Concerns being addressed
- The panel also deliberated on the creation of digital infrastructure for inventory management and delivery mechanism for the vaccine, including tracking of the vaccination process with focus on last-mile delivery.
- The committee discussed the broad parameters for selection of Covid-19 vaccine candidates for the country and sought inputs from the standing technical sub-committee of national technical advisory group on immunization
- The expert group discussed the financial resources required to procure the vaccines and funding options.
- The availability of delivery platforms, cold chain and associated infrastructure for the rollout of Covid-19 vaccination was also taken up, as were issues related to safety and surveillance.
- The committee will next meet officials from companies that are leading vaccine development in India.
Global Alliance for Vaccines and Immunizations (GAVI)
- GAVI was created in 2000 as a successor to the Children’s Vaccine Initiative, which had been launched in 1990.
- GAVI is Headquartered in Geneva, Switzerland.
- The GAVI Alliance (formerly the Global Alliance for Vaccines and Immunisation) is a global health partnership of public and private sector organizations dedicated to “immunisation for all”.
- GAVI’s strategy supports its mission to save children’s lives and protect people’s health by increasing access to immunisation in poor countries.
-Source: Economic Times
Focus: GS-II Social Justice
Why in news?
Half of the world’s youth population is subject to anxiety or depression-causing circumstances and more than a third are uncertain of their future career prospects due to the Covid-19 pandemic, according to a survey by the International Labour Organization (ILO).
- The ILO’s ‘Youth and Covid-19: impacts on jobs, education, rights and mental well-being’ survey found that if urgent action is not taken, youths are at the risk of suffering severe and long-lasting adverse impacts from the pandemic.
- The ILO survey aimed to capture the immediate effects of the pandemic on the lives of youths (aged 18 to 29 years) with regard to employment, education, mental health, rights and social activism.
- The survey found that one in two (i.e., 50 per cent) young people across the world are possibly subject to anxiety or depression, while 17 per cent are probably affected by it.
- Severe disruption to learning and working, compounded by the health crisis, has seen a deterioration in young people’s mental well-being.

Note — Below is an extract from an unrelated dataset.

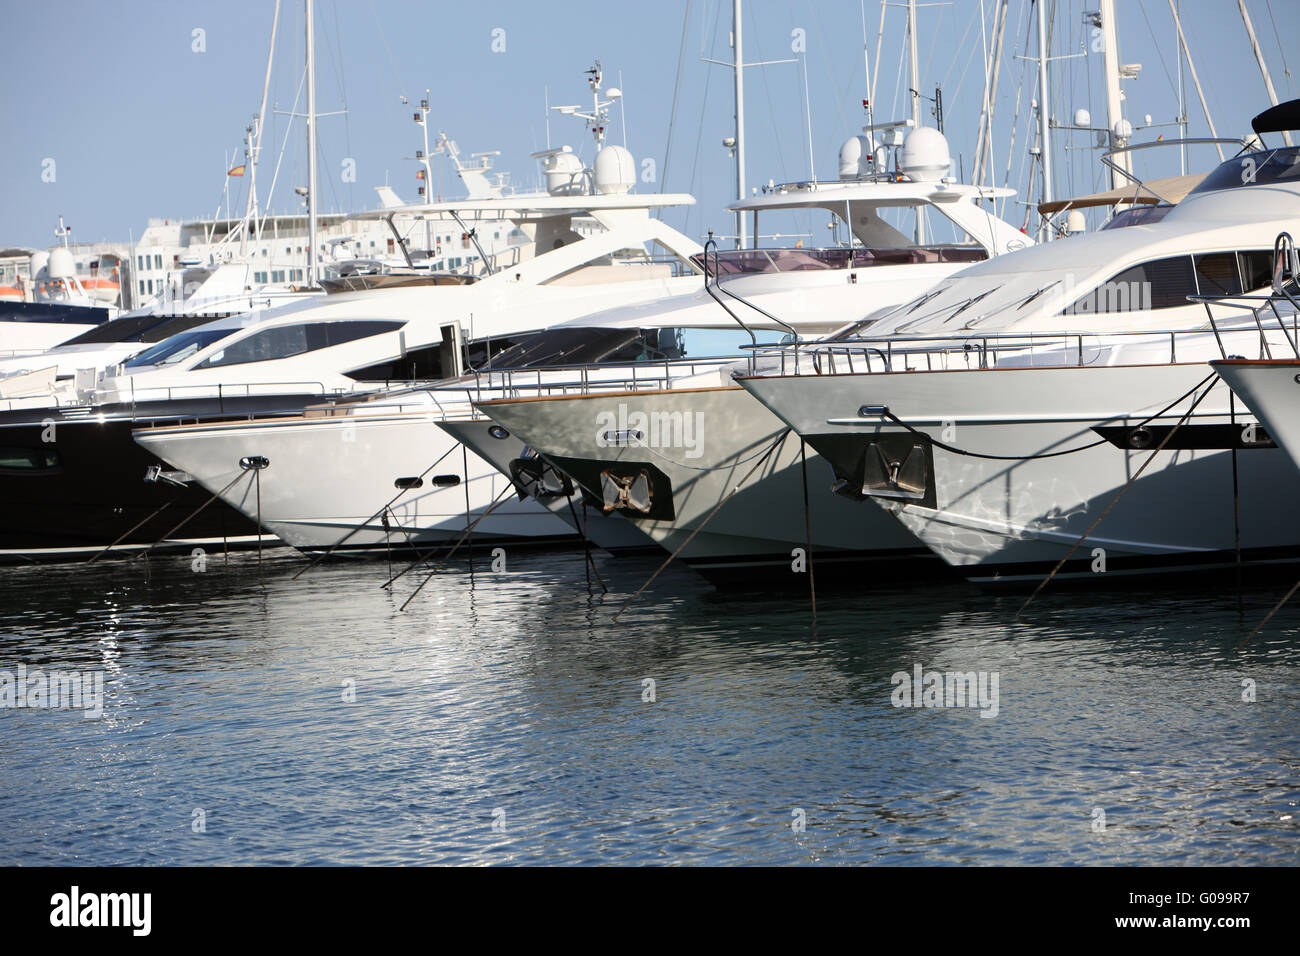 Row of luxury motorised yachts Stock Photo

- Mental well-being is lowest for young women and younger youths between the ages of 18 and 24 years
- Young people whose education or work was either disrupted or had stopped completely were almost twice as likely to be affected by anxiety or depression as compared to those who continued to be employed or whose education was not affected.

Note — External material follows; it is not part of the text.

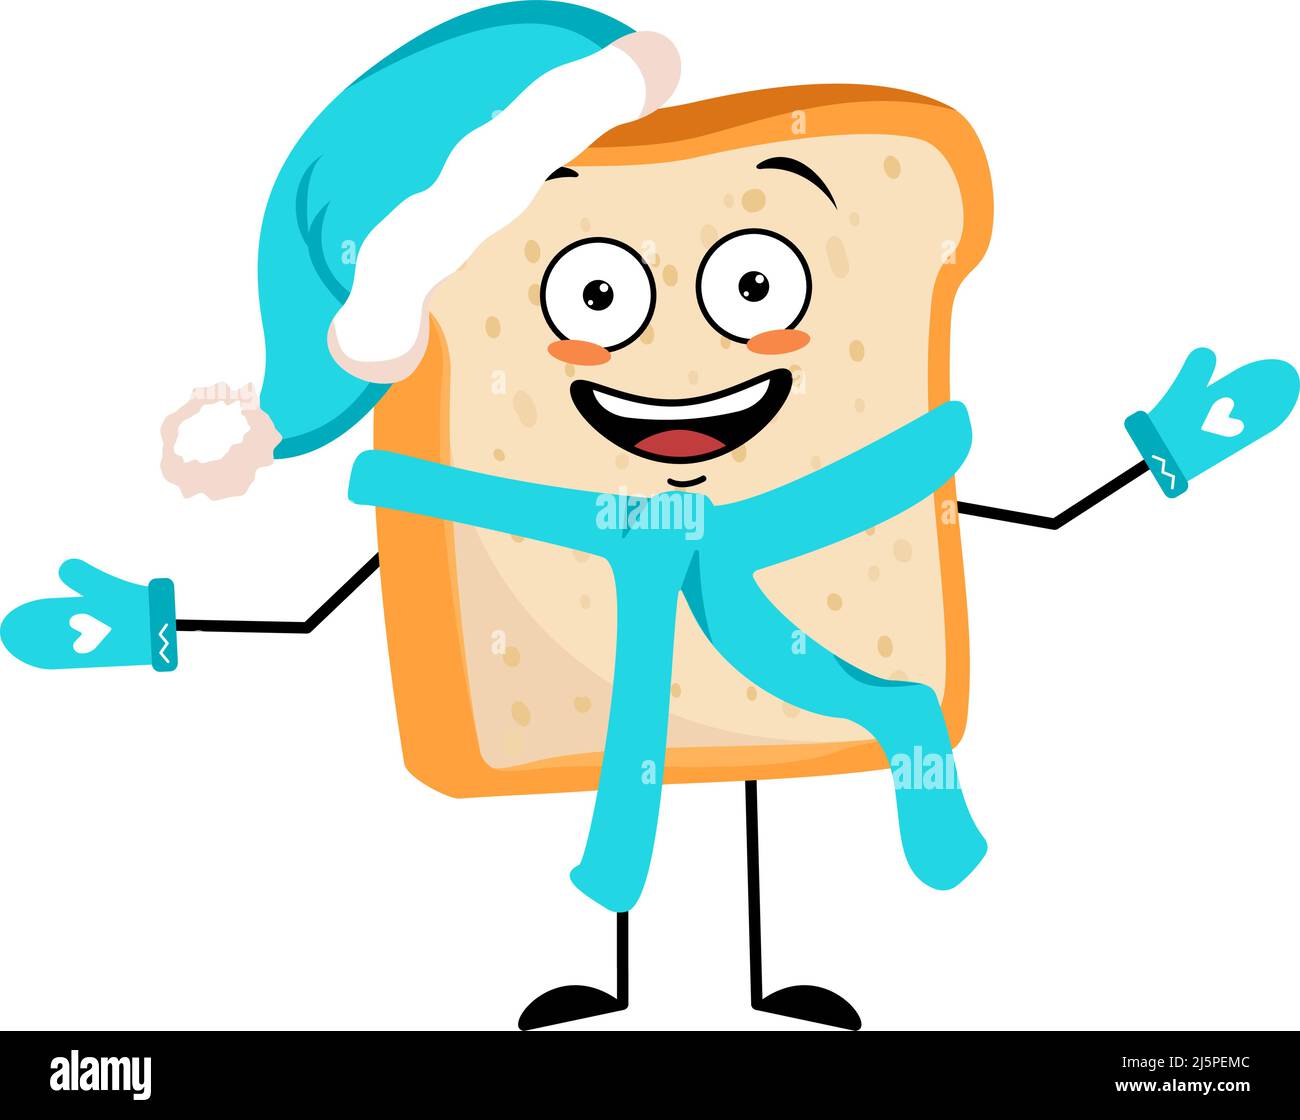 Niedliche Brot-Charakter in Santa Hut mit fröhlichen Emotionen, freudiges Gesicht, lächelnde Augen, Arme und Beine. Backende Person, hausgemachtes Gebäck mit lustigen Ausdruck. Vektorgrafik flach Stock Vektor

- According to the report, 38 per cent of young people are uncertain of their future career prospects, with the Covid-19 crisis expected to create more obstacles in the labour market and to lengthen the transition from school to work.
- The ILO survey said some youths have already felt the direct impact of the pandemic, with one in six youths having to stop work since the virus outbreak.
- The report said 73 per cent of the young people, who were either studying or combining study and work before the onset of the crisis, experienced school closures though all of them were not able to transition into online and distance learning.
- The coronavirus has left one in eight young people (13 per cent) without any access to courses, teaching or training — a situation particularly acute among the youth in low-income countries and one that serves to underline the sharp digital divide that exists between regions.
- According to the survey, a quarter of the young people have done some kind of volunteer work during the pandemic.